Nun erweckten wir als in der Öffentlichkeit Bier trinkende Mitteleuropäer das Interesse der Dorfjugend. Verständigung klappte kaum, aber wir tauschten Haribo gegen Pinienkerne, hörten türkischen Hip-Hop und schauten uns deren Kunststückchen an. Selbst unser Bodyguard (angeblich Polizist) ging aus sich heraus und flick-flackte wie ein Rohrspatz. Sollte ich mal wiedergeboren werden, so wäre dies als Türke auf dem Lande bestimmt nicht die unspannenste Alternative.
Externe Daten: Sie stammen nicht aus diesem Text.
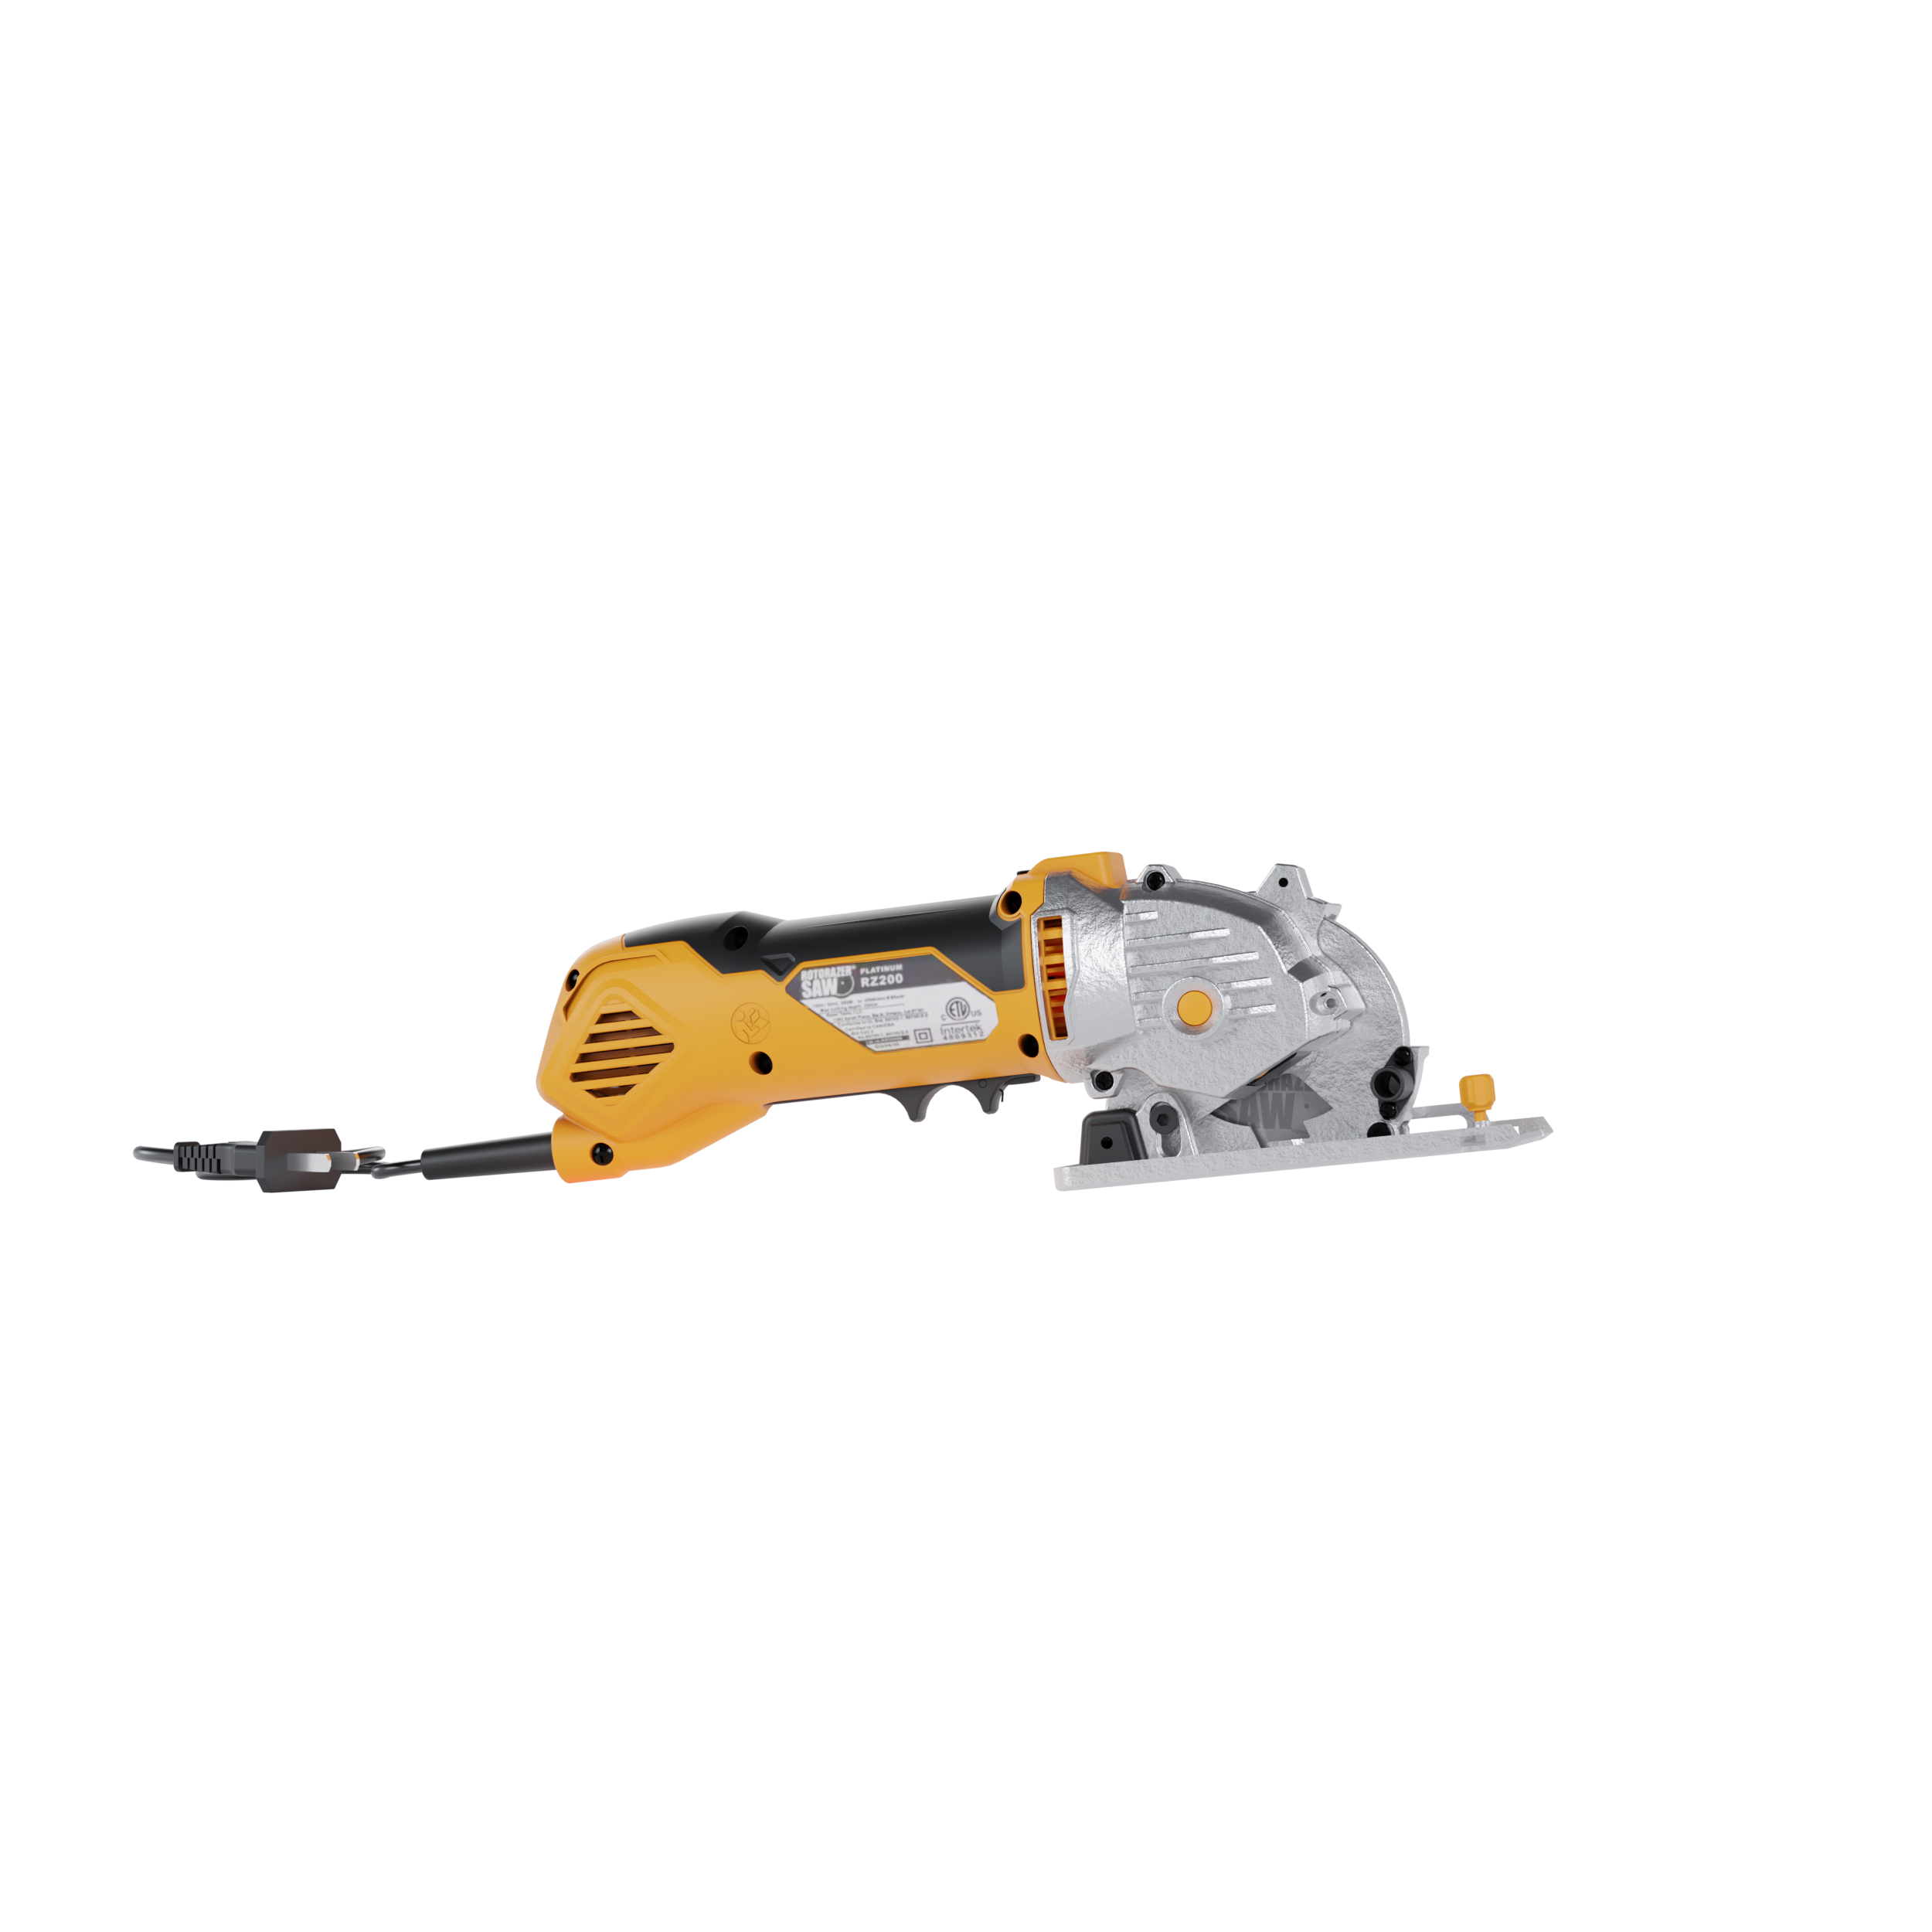 Rotorazer is the all-in-one saw that does it all! 7 different saws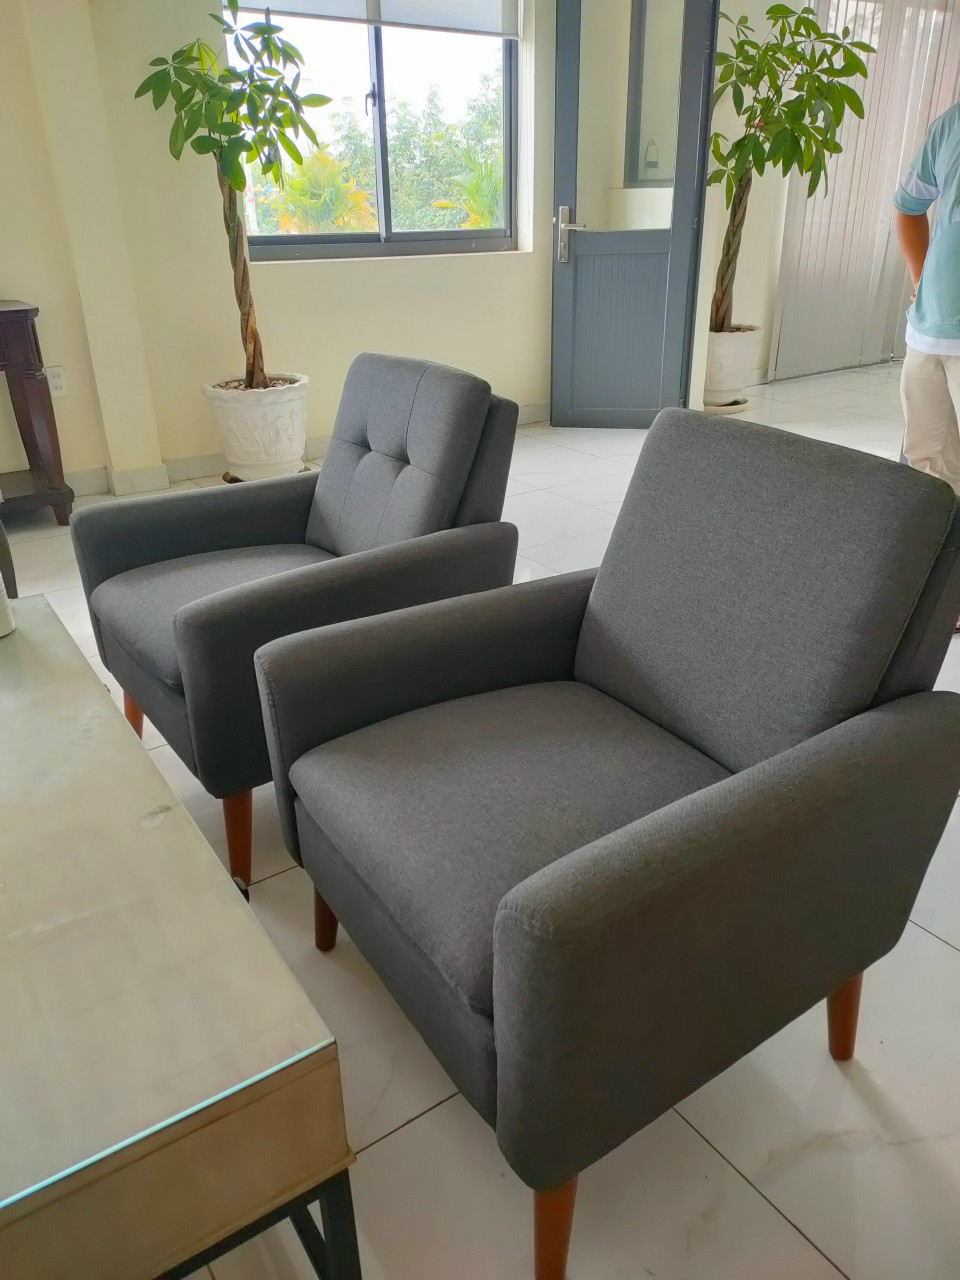 High Quality Elegent Lounge Chair New Arrival Design Graphic Best Brand Wholesaler Manufacturer Top Price Low MOQ

Nach einer knappen Stunde Dasein als Teenie-Idol beschlossen wir zu türmen und Osmans Rückkehr nicht abzuwarten. Wir fahren zum Nachtlager, diesmal hinter einem Krankenhaus und bauen die Zelte im Dunkeln auf. Die anderen waren schon im „Bett“, als der Wachdienst uns noch ne Runde Tee vorbeibrachte. Jetzt tutet ein Zug auf der benachbarten Eisenbahnlinie nach Samsun und auch ich mache Feierabend, um die tausend Eindrücke irgendwie mal zu sortieren. Gute Nacht!